The Year of the Golden Pig 5
Lee looked at me and waited. His slick-head hair-do looked painted on. If he thought the look flattered him, he was one letter out. He had the pockmarks many of the Singaporeans aged around 40 had. Progress hadn’t been quite quick enough for them. Their children would be luckier, at least as far as their looks went. He kept the flat-eyed gaze on me, but picked up the business card and reeled off the information on it. He had it by heart already. And, since he also had my number, I decided to talk, rather than wait it out.
- ‘What’s this about?’ a poor opening, really.
- ‘ Is it not obvious Mr Law?’ he enquired. ‘ It would be, what is it? A dereliction of duty, if I did not interview a man whose name and number were found on a murder victim, hmm?’
- ‘ OK, I met this man. But he gave me his card. I told him my name, that’s all’

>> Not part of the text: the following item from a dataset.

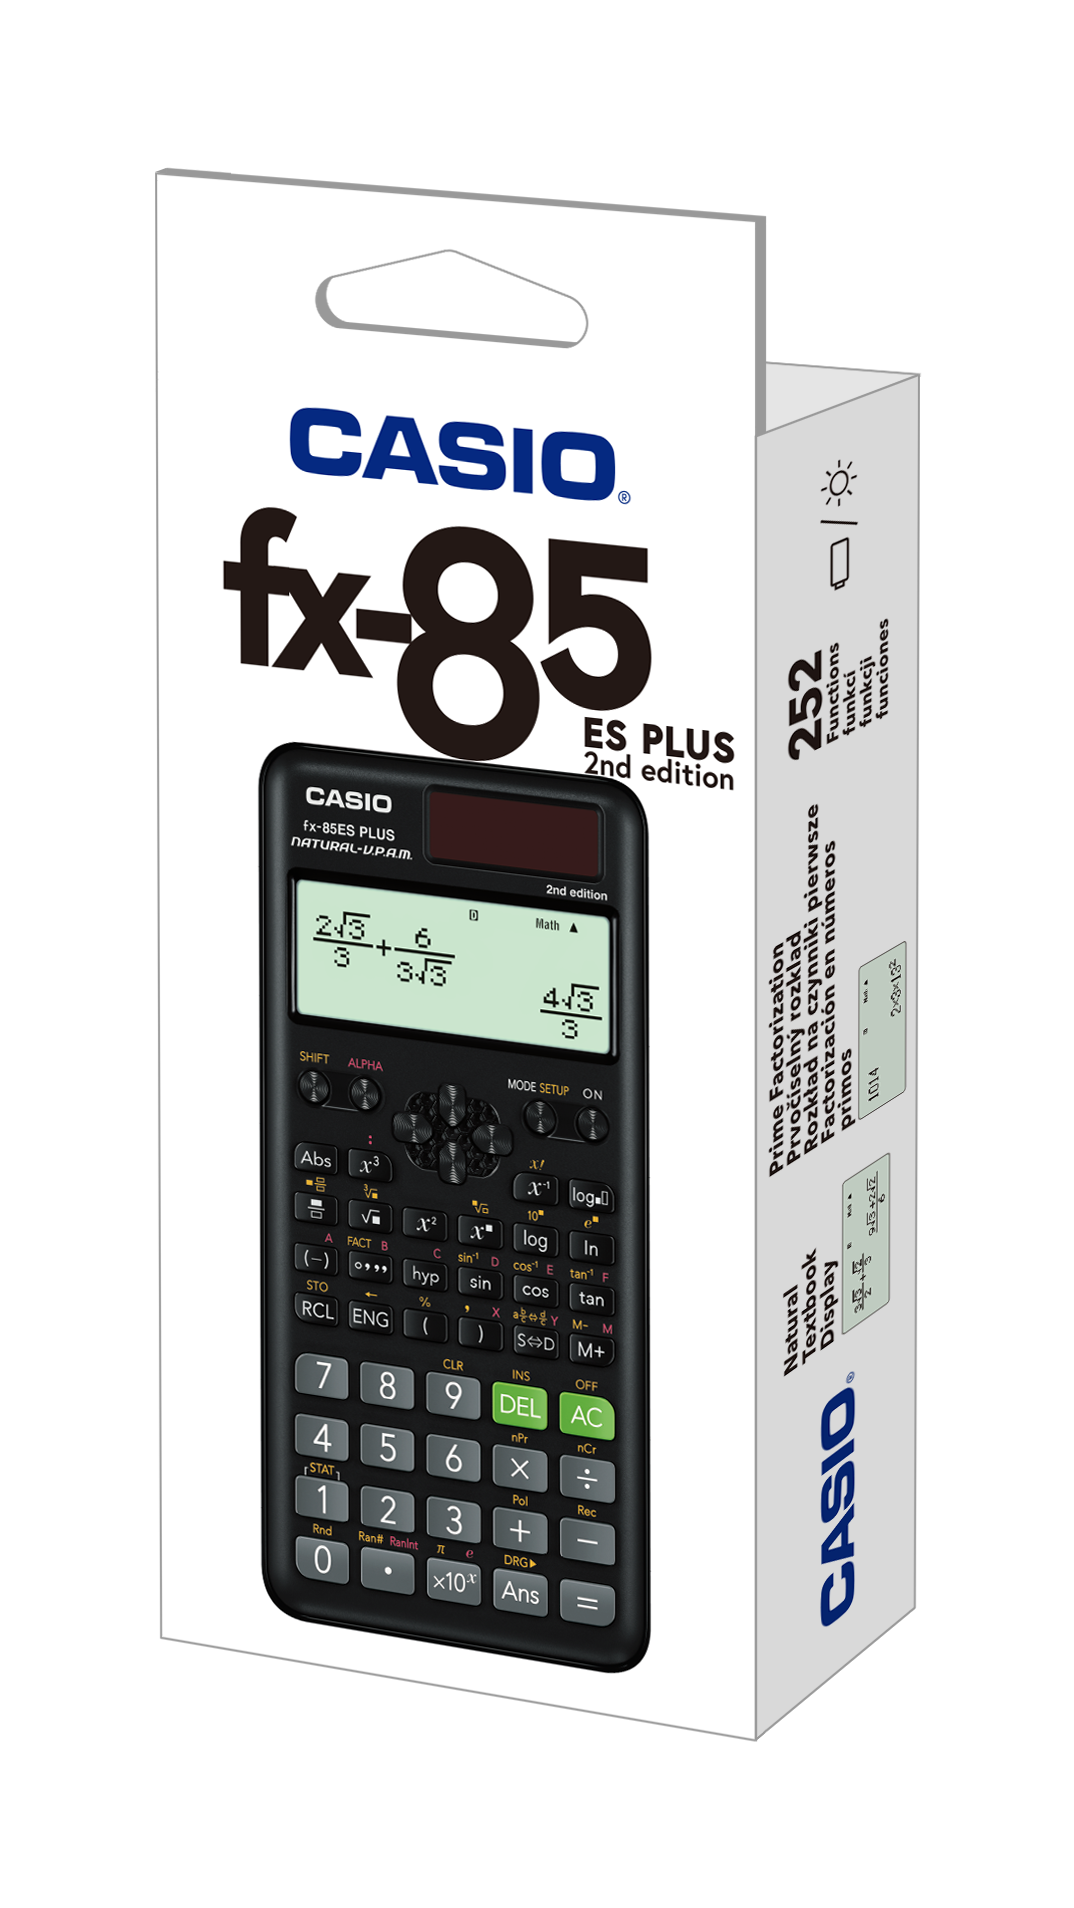 blad Centrum farvestof Merit-Trading Office Supplies Malta - CASIO calculator (d) FX-85ES PLUS 2 -  252 F
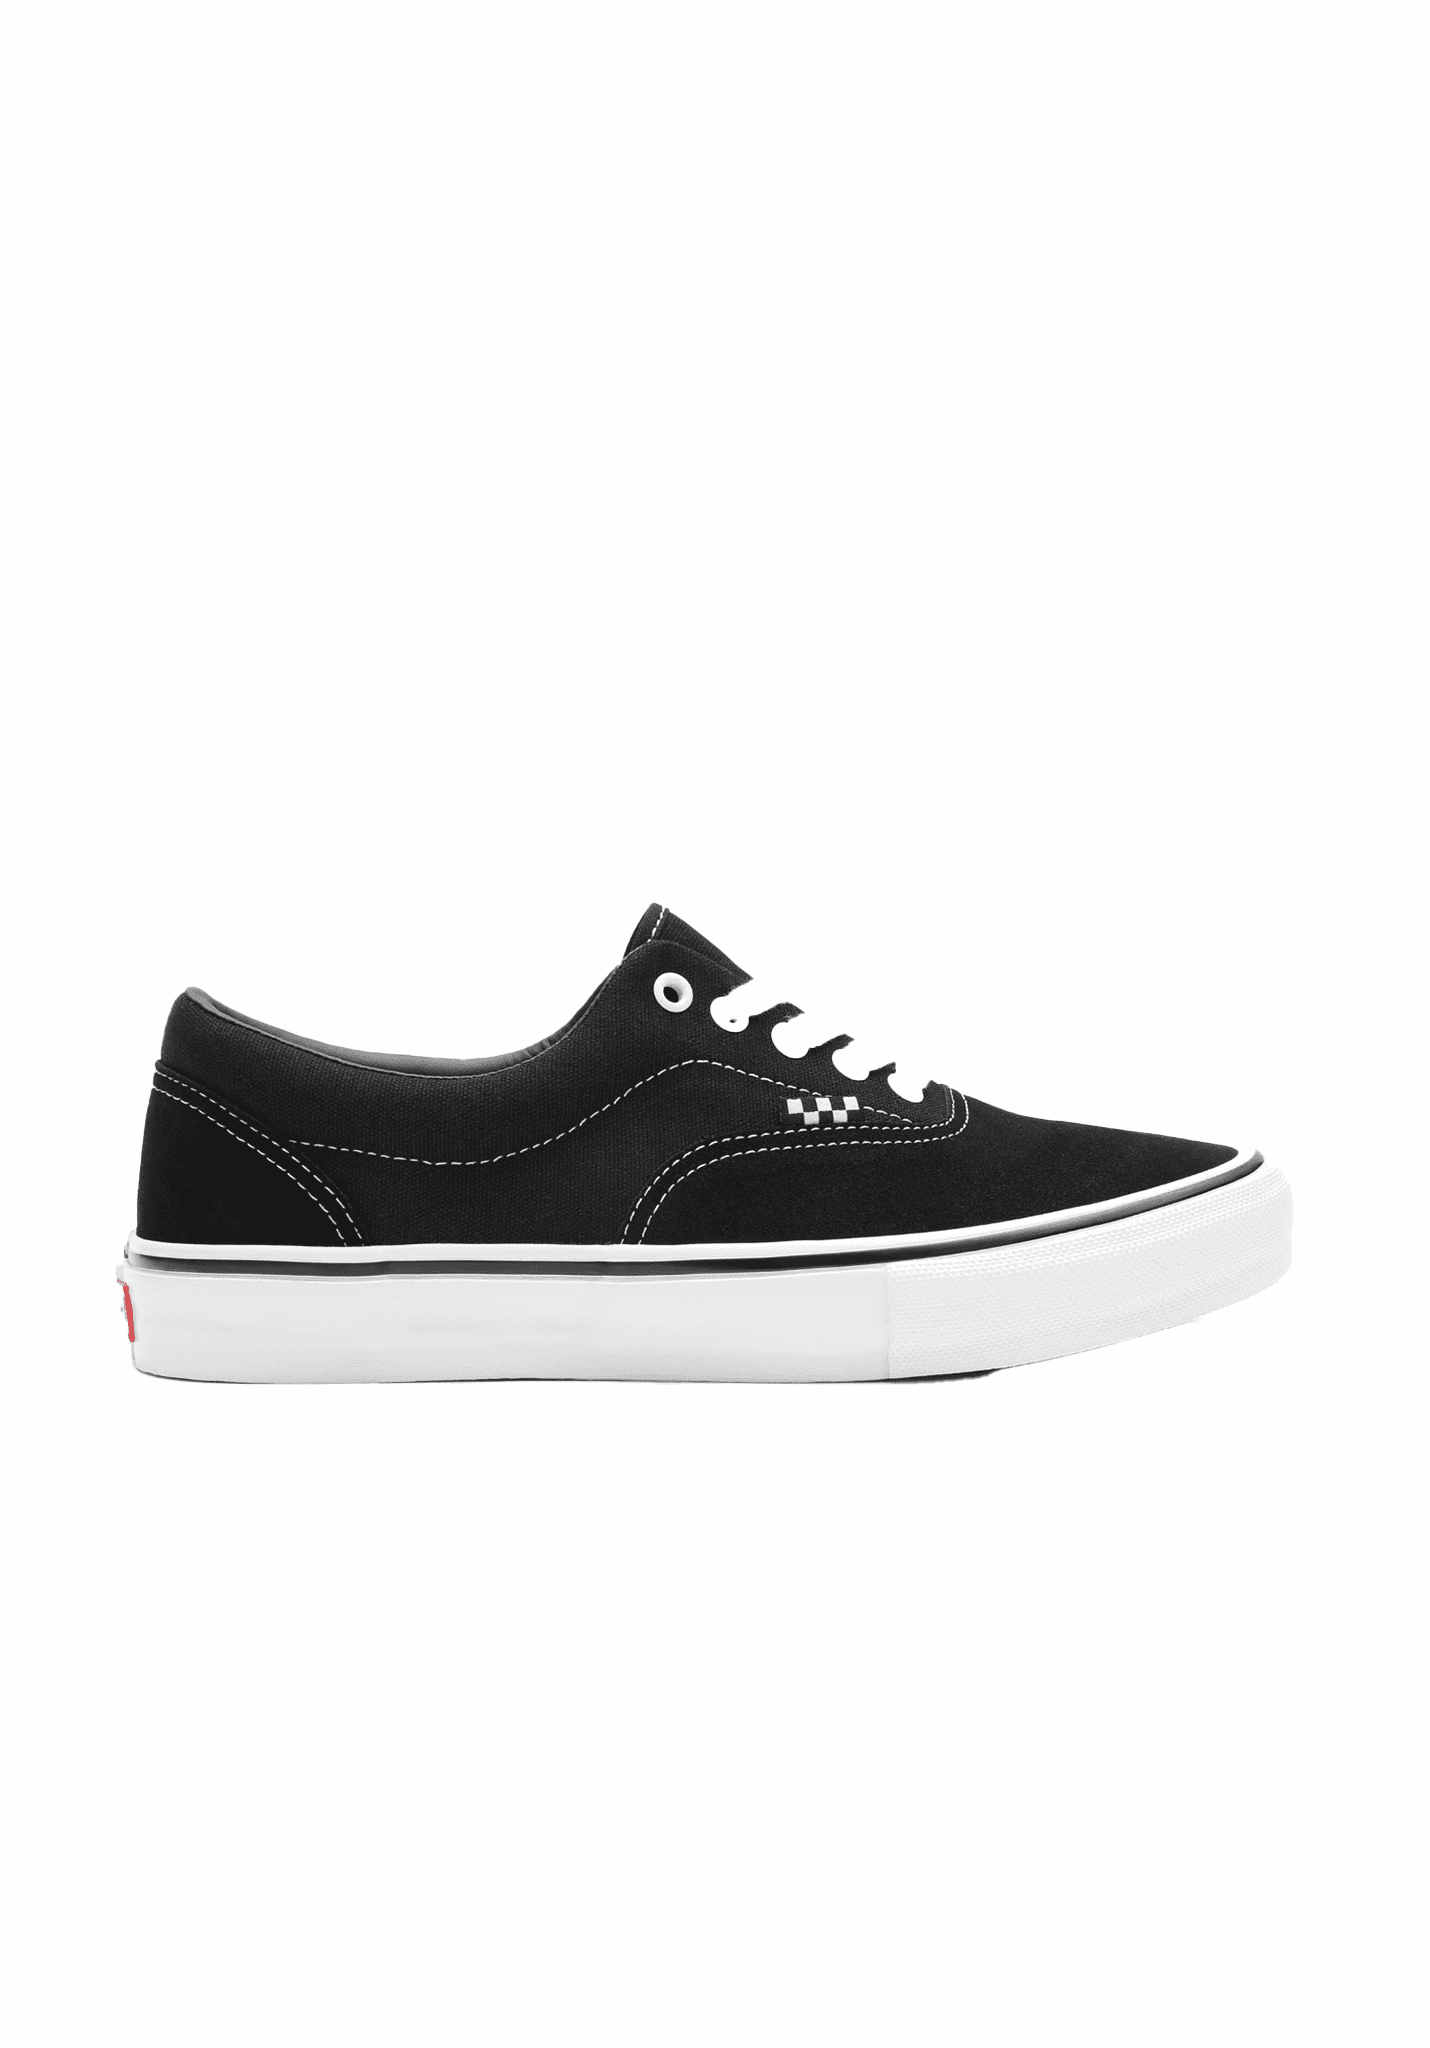 Vans Skate Era Skateschuhe black-white 45

-‘Really, Mr Law? We have witnesses who saw you drinking with this man. Friends drink together, not acquaintances, especially not in Bugis Street.’
This was disingenuous and he knew it. I let it slide.
- ‘What witnesses?’
- ‘Muffadets’, he said.
The Singlish word, a corrupton of the English ‘hermaphrodites’, showed what he thought of the witnesses from Bugis Street. I wondered how they had been persuaded to make a statement, and who they were.
- ‘So, how long have you known this man?’
- ‘I don’t… didn’t know him.’ I wasn’t going to volunteer anything. This was an informal interview; there were no uniforms in the room, in case things got nasty.
- ‘Where did you go, after Bugis Street?’ he asked, he hooded his eyes. He looked like a cartoon oriental.
- ‘Tanglin? Or the tailor’s?’
- ‘I think you know the answer.’
- ‘But we don’t Mr Law, we don’t. We found other things with Mr Baudelaire. Business cards: a club and a restaurant. You know Tokyo Rose’s, of course. And everyone knows Fat Albert’s. One of our most famous restaurants, I don’t like it myself. Too many Gwailos.’
I looked blank.
- ‘Excuse me: white ghosts or foreign devils. You have no Cantonese, Mr Law? A disadvantage, in your line, hmm?’
- ‘I went to Tokyo Rose’s. Baudelaire didn’t.’
- ‘Or not with you, you’re telling me?’ He sounded sympathetic. Sympathy for the foreign devil, I thought.
Of course, I had a witness to confirm this. But if I gave Harry Wilson up, he wouldn’t be in Singapore - or the Air Force - long. They might wear his peculiar nocturnal habits, but getting mixed up in a murder enquiry was another matter. I did a stupid thing. I kept Harry out of it.
- ‘That’s right,’ I said.’
Lee gathered up the ‘photo and the card.
- ‘Well, thank you, Mr Law. You have been most co-operative.’
This was news to me. Lee stood. No hand was offered. As he held the door open, he added:
- ‘We might have to interview you more formally, if we thought you were investigating this matter without authority, Mr Law. N.O.B. hey?’
This time his laugh was sincere, if vindictive.